Exercise input:
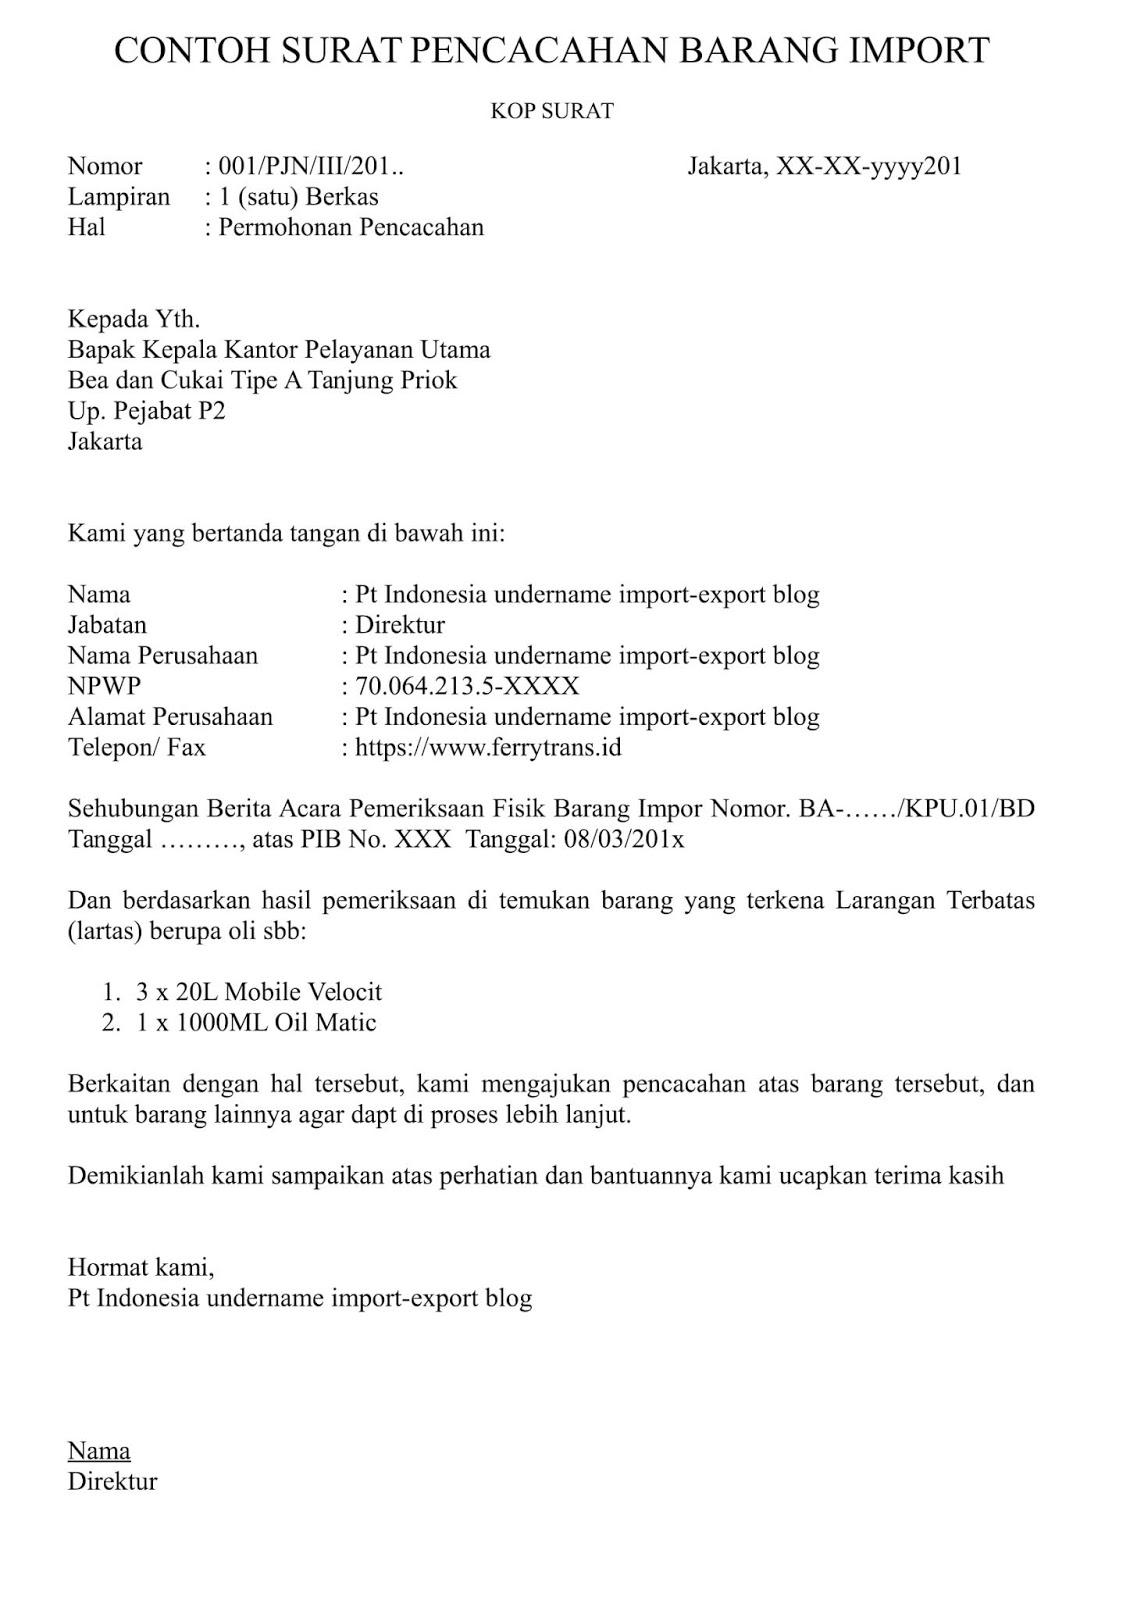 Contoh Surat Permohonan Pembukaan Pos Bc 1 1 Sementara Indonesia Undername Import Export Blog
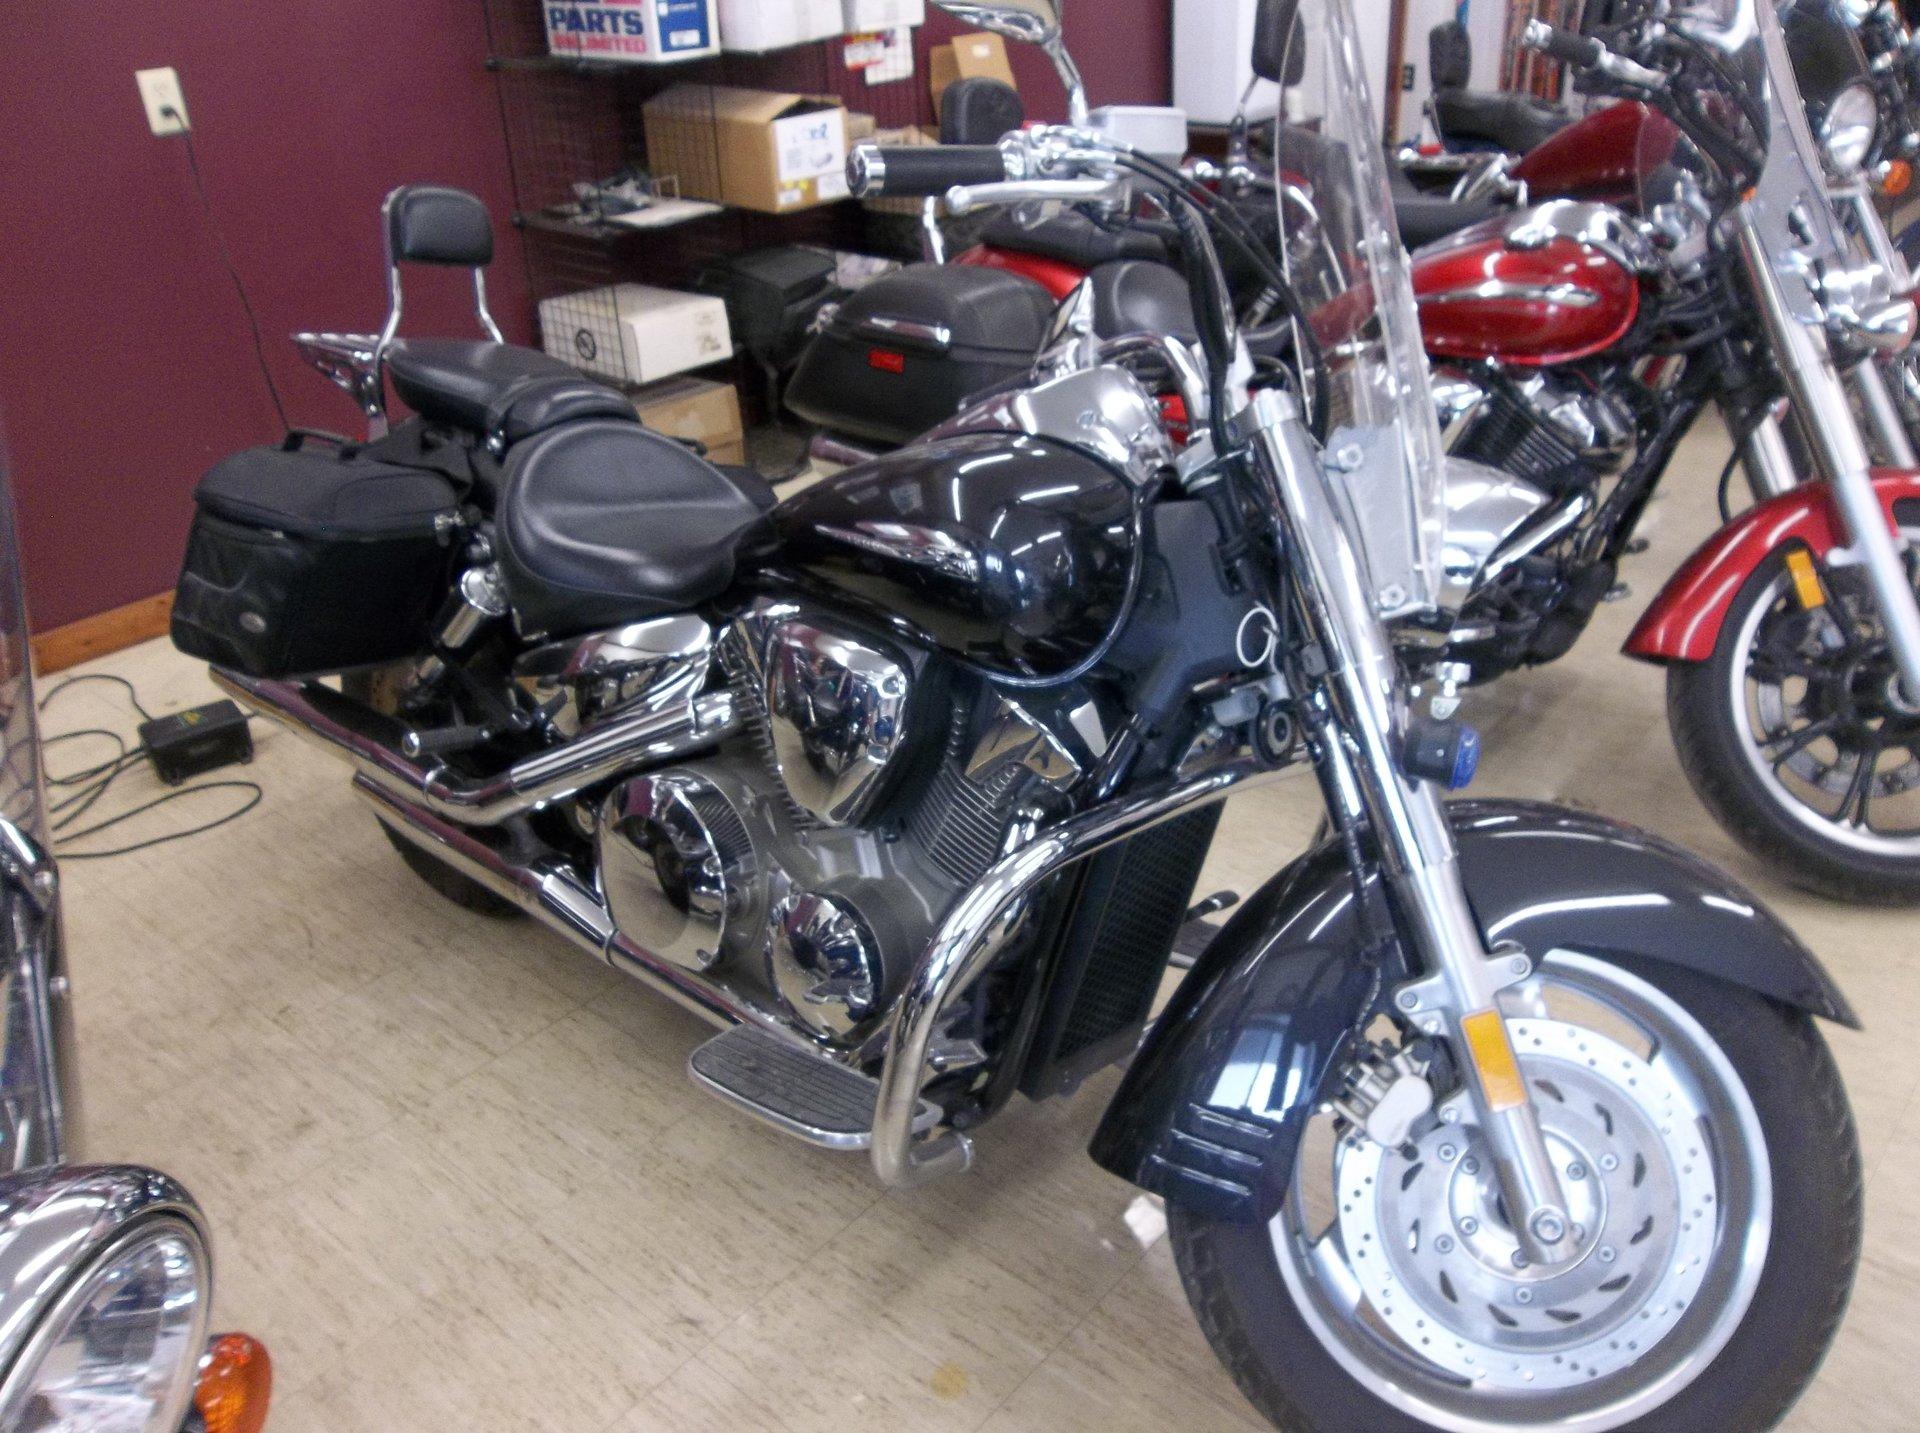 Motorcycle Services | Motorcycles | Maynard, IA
--
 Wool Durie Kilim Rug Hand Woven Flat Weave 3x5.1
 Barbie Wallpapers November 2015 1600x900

Task to carry out: Above, find the line with "Contoh Surat Permohonan"; copy it and every line down to the line with "Motorcycle Services |", exactly and both included, but no pictures.

Response to this task:
 Contoh Surat Permohonan Pembukaan Pos Bc 1 1 Sementara Indonesia Undername Import Export Blog
 Motorcycle Services | Motorcycles | Maynard, IA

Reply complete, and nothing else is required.